You're walking in a busy area and a pair of cops stops you and asks you to
show your ID and the contents of your bag.

1) Show the ID (which you're required to in this country, if you're a non-
citizen), but not the contents of your bag. 1a) Optionally, ask the
policemen's ID and write down their names.

2) Show both the ID and the contents of your bag.

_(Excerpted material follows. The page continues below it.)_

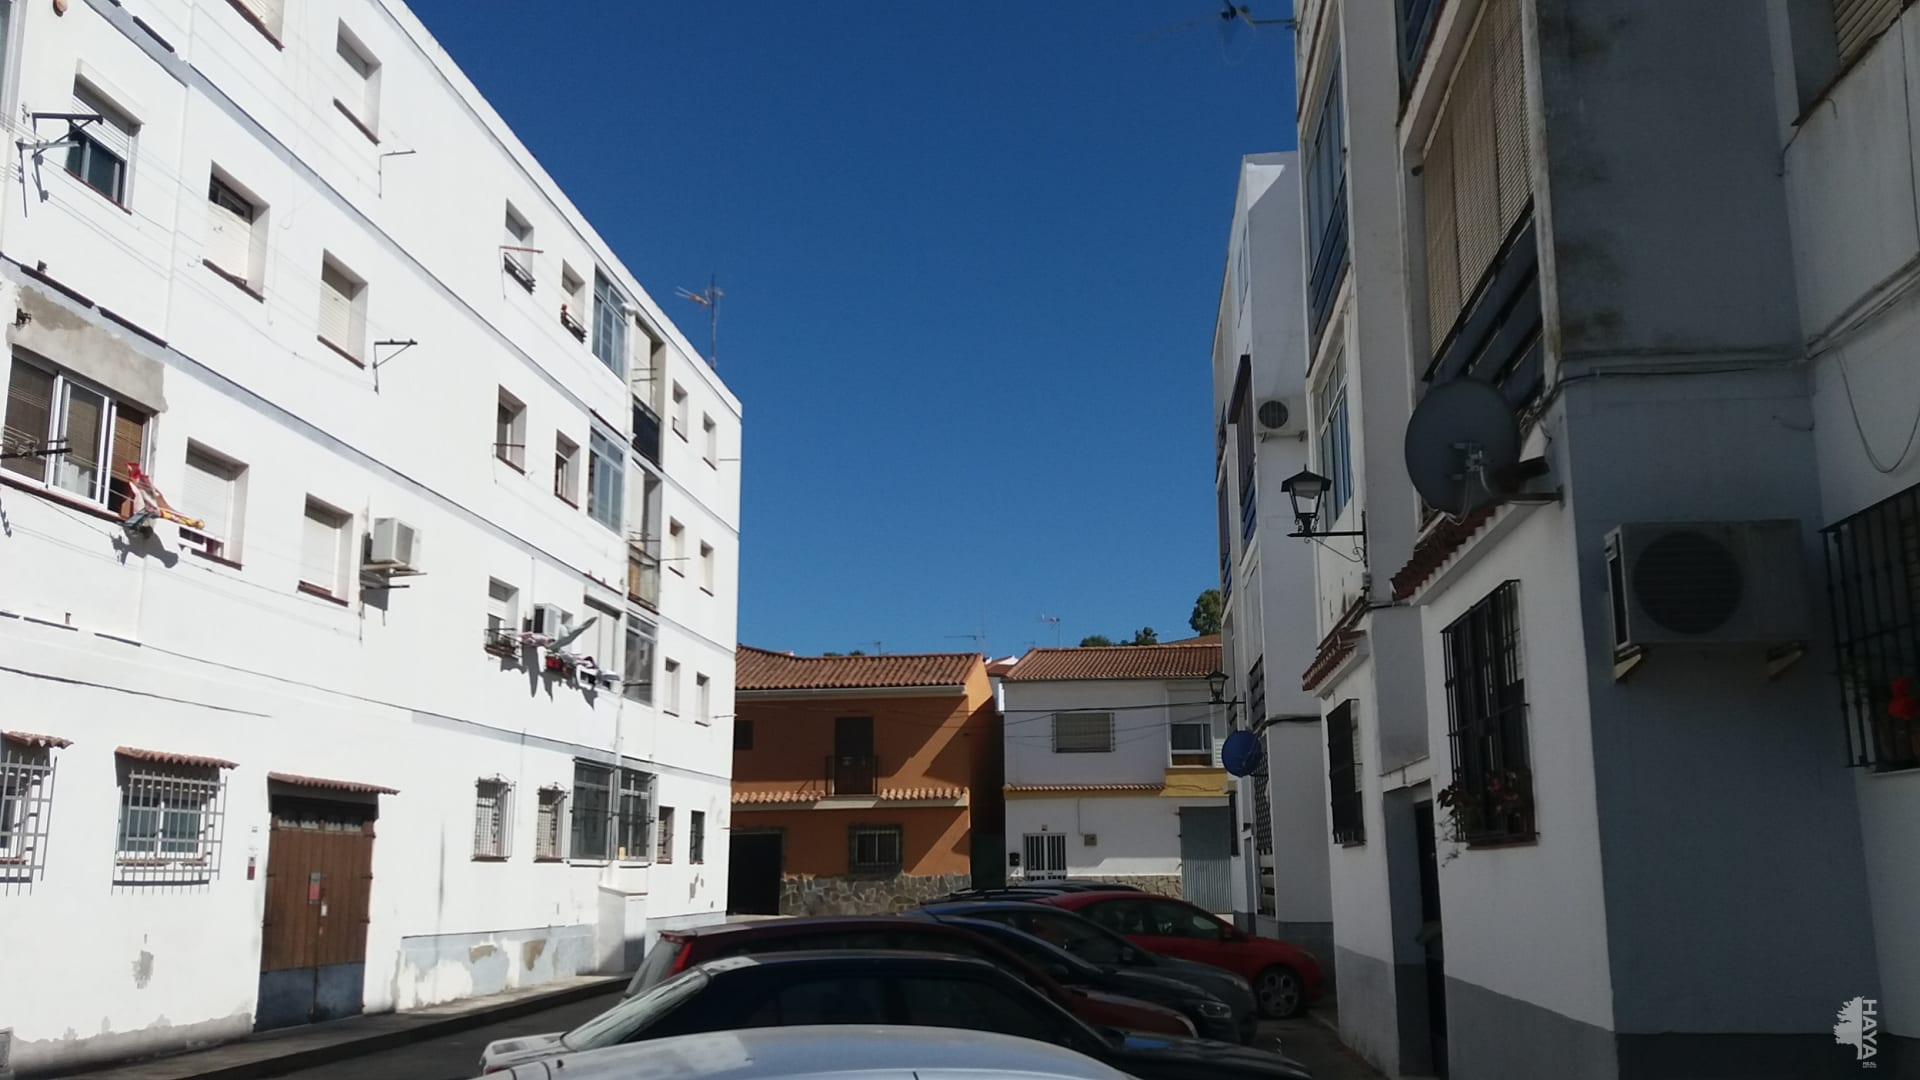 Piso en venta en Los Ángeles, Jimena de la Frontera, Cádiz, Calle los Chorros, 45.000 €, 3 habitaciones, 1 baño, 77 m2

This happened to me a while ago, in Tokyo. Apparently most people do #2. The
cops were very surprised that I chose option #1a. It took 15 minutes for them
to give up. Apparently most people either don't know that cops cannot search
you without probable cause, or they know but don't care. I don't think you
need to be particularly courageous to say "no" to a cop, when it's your right
to do so and you live in a place where the law is upheld.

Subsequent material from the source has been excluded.